── The data

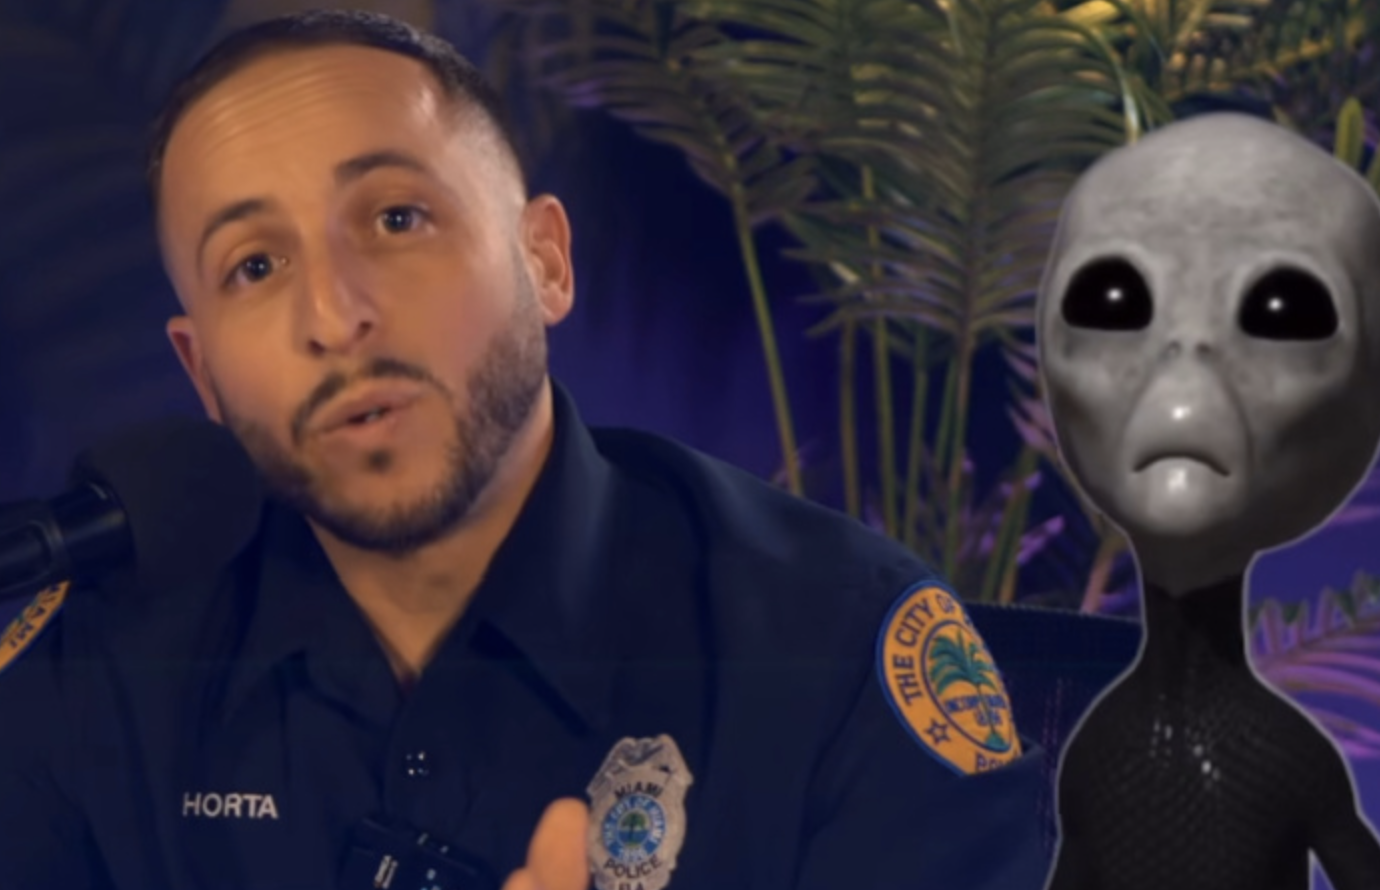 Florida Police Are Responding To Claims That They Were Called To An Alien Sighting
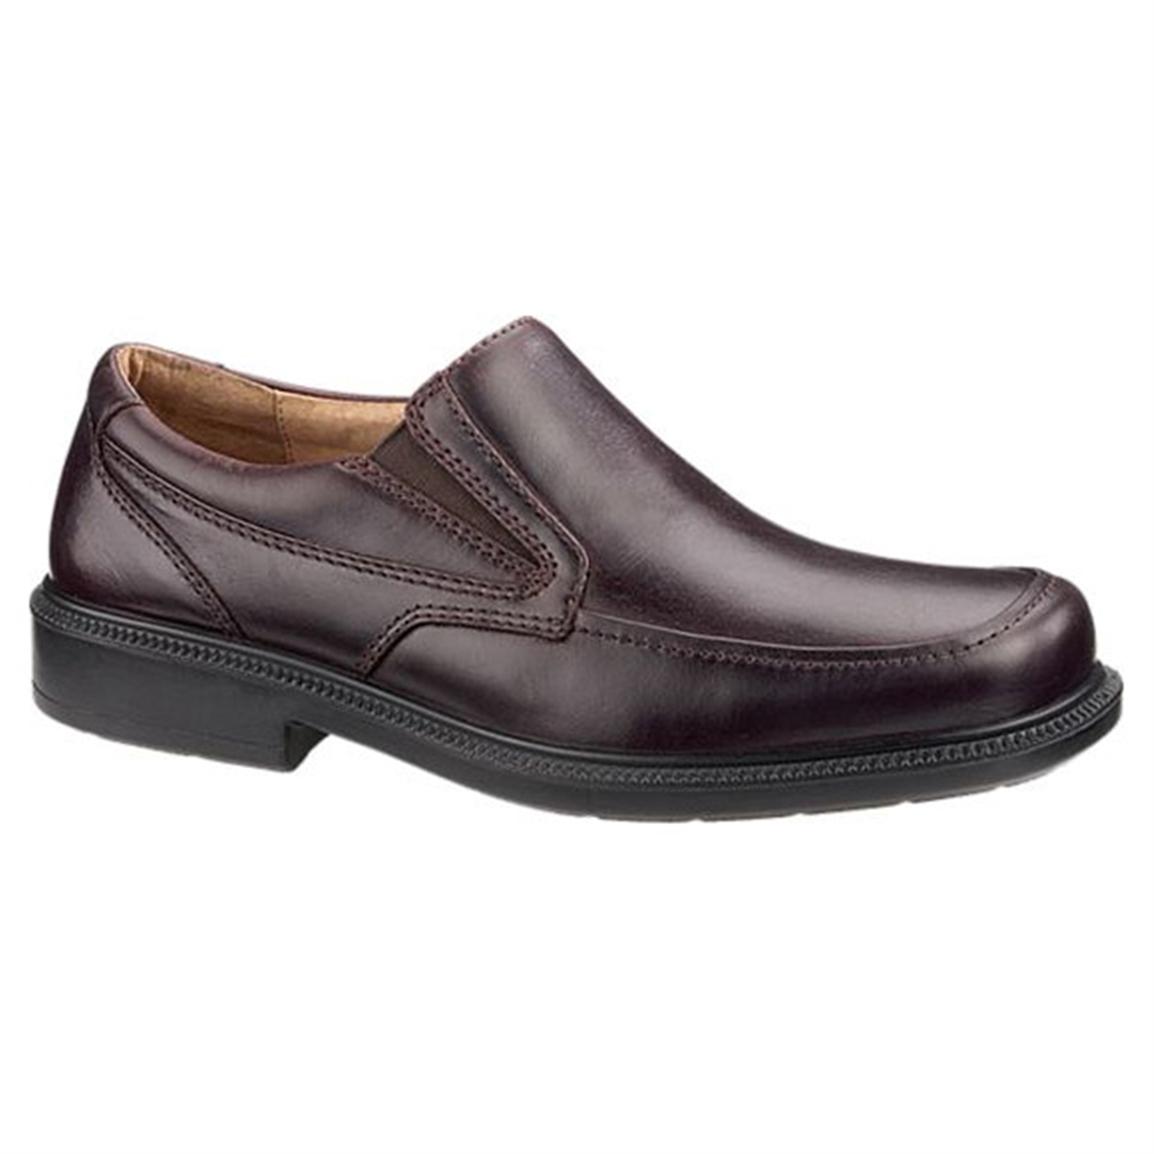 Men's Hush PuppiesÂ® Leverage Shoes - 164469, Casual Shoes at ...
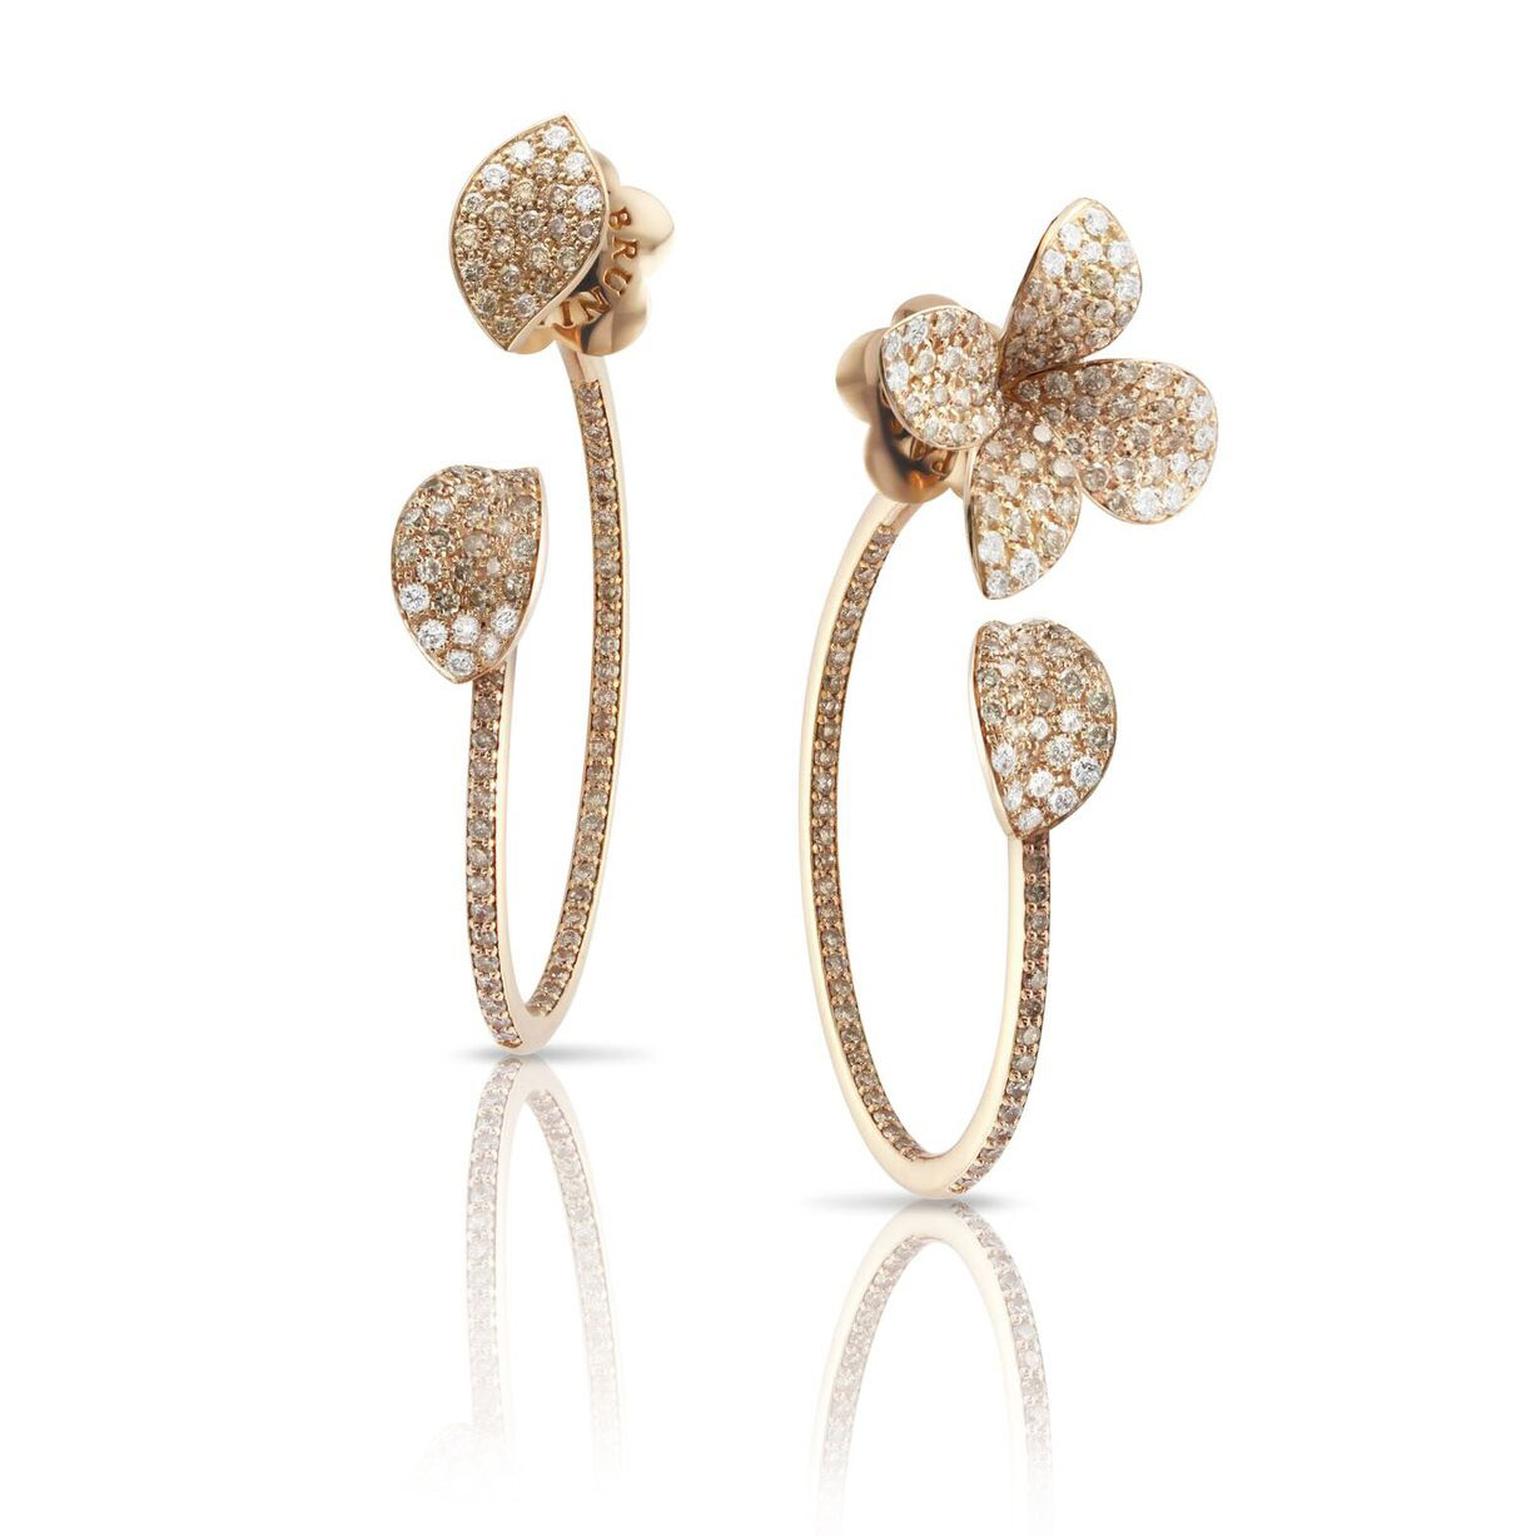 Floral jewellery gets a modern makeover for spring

────

Would you please copy the material exactly, leaving all the pictures out?

* [Written response]:
 Florida Police Are Responding To Claims That They Were Called To An Alien Sighting
 Men's Hush PuppiesÂ® Leverage Shoes - 164469, Casual Shoes at ...
 Floral jewellery gets a modern makeover for spring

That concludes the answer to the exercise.